I know I’m not alone in knowing this particular kind of ache. The gnawing feeling that starts as a niggling growl then slowly, surely expands to an almost sickening ache that encases your entire being.
I first felt it on my first day of first day of the first grade at a new school in a new town. After vomiting up my orange juice and scrambled eggs in the parking lot with my mom as she dropped me off, I began to understand the first levels of what stress, fear, and the unknown felt like. They came and went through breakups throughout my teens, the “I’m so sad I can’t get out of bed” feeling wrought with adolescent angst and hormones. Then came smashing into my gut in a way I’ll never forget the morning after my dad died. When I woke up with an ache in my heart, stomach, limbs, fingertips that felt like the leftover strands of a horrible hangover but turned to be an even worse nightmare when I realized that I hadn’t been dreaming. The last time I experienced the ache was when I left my vacation in April 2012 from Cambodia, believing I wouldn’t be returning; that it would be the last time I would have that type of experience with my mother. Although I was wrong, I couldn’t have known I would have joined her five months later and I cried quietly almost the entire journey back to Washington.
I woke up this morning with that same ache. The nagging feeling that something isn’t right, but isn’t quite wrong either. Nothing solid to pinpoint as I hazily wiped the sleep from my eyes and burrowed my face into the kitten next to me and breathing in the smell of her warm baguette fur. I blamed it on lack of sleep or dreams while getting ready for work, but it settled into my skin like the bite of a mosquito once I saw the envelope sitting on the counter. It’s stark white outline with my mother’s handwriting scrawled across the front securing why I was feeling this way particularly. I gingerly lifted it from it’s place and put it in my bag, not prepared to read what she had to say, the goodbyes, the acceptance that her time here is truly finished. She leaves this week to go back to the United States for a new chapter of life. After her three years of living in Cambodia, it’s time for her to go. For many reasons, and all of them good, but in my quarter of a century type selfishness I’ll admit that it’s a loss that is painful and that I really don’t want her to go. I do, but I don’t. Returned are the same levels of stress, fear, and the unknown that encompassed me as I hunched over wearing my Hello Kitty backpack at six years old.
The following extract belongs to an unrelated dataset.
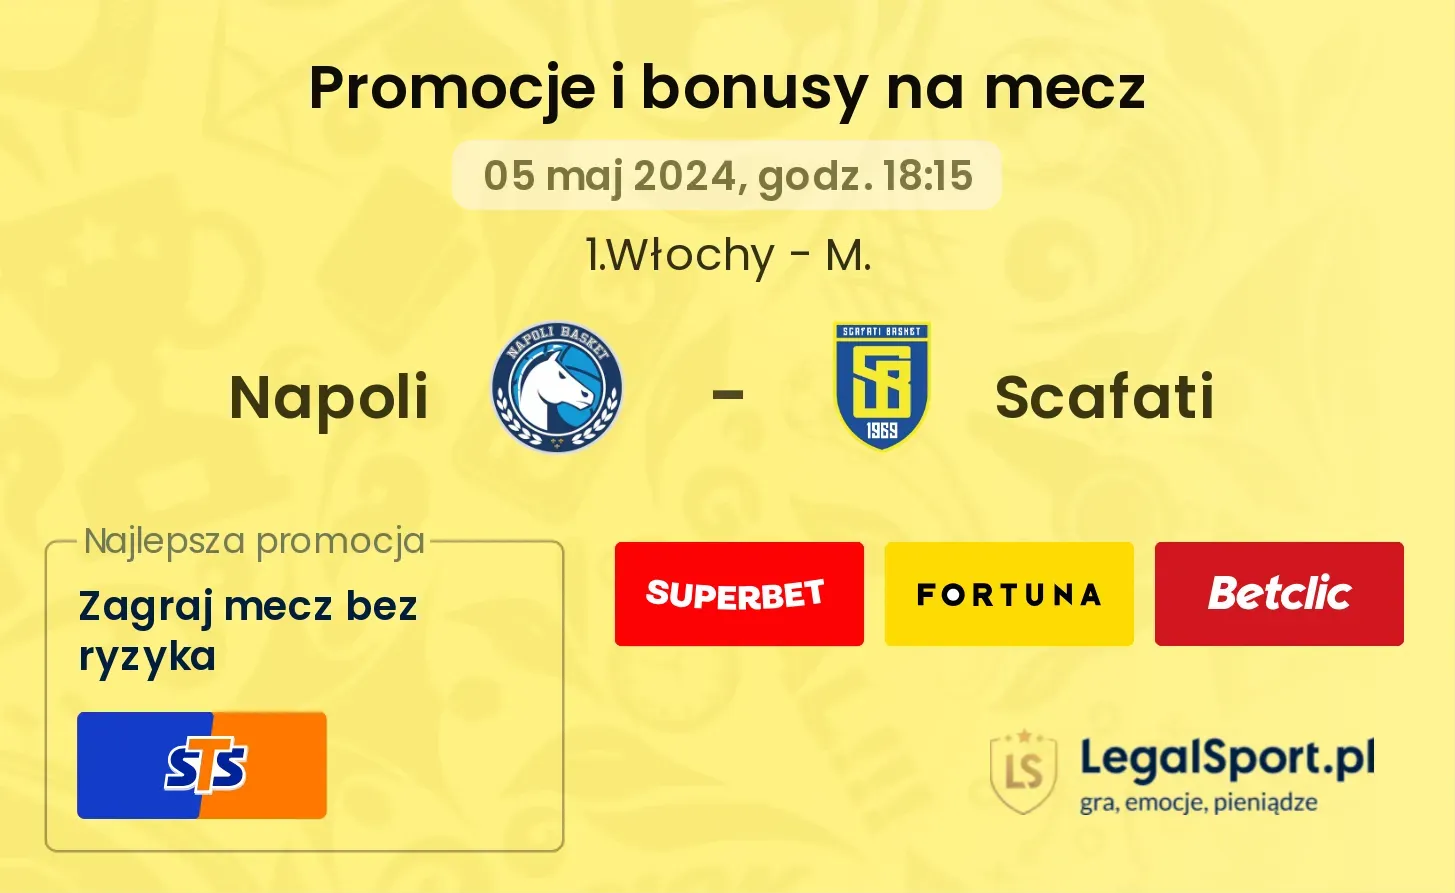 Napoli - Scafati promocje bonusy na mecz

I stared at the envelope on my desk apprehensively before tenderly breaking the seal. In the package that she left after staying the night are words that will leave an imprint on me for life, words that blur my vision with saltiness as I type, words that express the bond that we share that I am ever so grateful for. They also included my birthday present, which isn’t until September, and my Christmas present, a long five months away. While the gesture means more than she knows, it was almost more painful to receive them in this way; knowing we won’t be there physically with each other to celebrate these events. The feeling is mutual that we have been mainstays to each other during our adventure and time together here in Phnom Penh. Her support, her wisdom, and her vision has been vital in my being to this point here and while I may now have different people or ways to buoy myself- no one will ever be able to fill the large space she has had and will always have in my life.
This Saturday The Common Tiger in their graciousness hosted a last group get-together for my mom in the most beautiful, gentle, and warm setting. With the humid rain pattering around us as we sat in a group, people that she has loved and have loved her back in the form of unique agapé relationships, who have been mainstays in their own ways to her and her to them. It was the perfect blend of old and new and all that were in attendance are deeply cared for; I am so grateful that I know them and that they have been and are in our lives. We are more than blessed. Some I know through her, some she knows through me. Thank you Ritchie. Thank you Christina. Thank you Tim. Thank you Taber. Thank you Terence. Thank you Maridi. Thank you Socheata. Thank you Marisa. Thank you Marco. Thank you Rachel. Thank you Ben. We sat and sipped our poisons of choice, talking, laughing, toasting, and celebrating Sheila, her time here, the river she swam, the cockroaches she killed, the people she impacted. We were so engrossed in the moment that we didn’t even take photos together and anyone who knows me can understand that is some serious good time together.
I listen now “To Sheila”, a song that will always bring me back to high school- during my mom and my worst times- and to now, some of our best. Each line means something different to me, but especially the verse:
Lately I just can’t seem to believe
Discard my friends to change the scenery
It meant the world to hold a bruising faith
But now it’s just a matter of grace
I can’t explain fully why- and don’t even want to- but what I can say is that as I sit here listening, silently trying to cage my emotions, is that I embrace the ache this time. I don’t know what is yet to come, if we will live physically in close relation again, or what the coming days, months, years hold for us. I know this ache, I know it well. I accept that it doesn’t lead to ultimate devastation; it is only a part of the process of grieving something so beautiful that I should only be so lucky to have known it.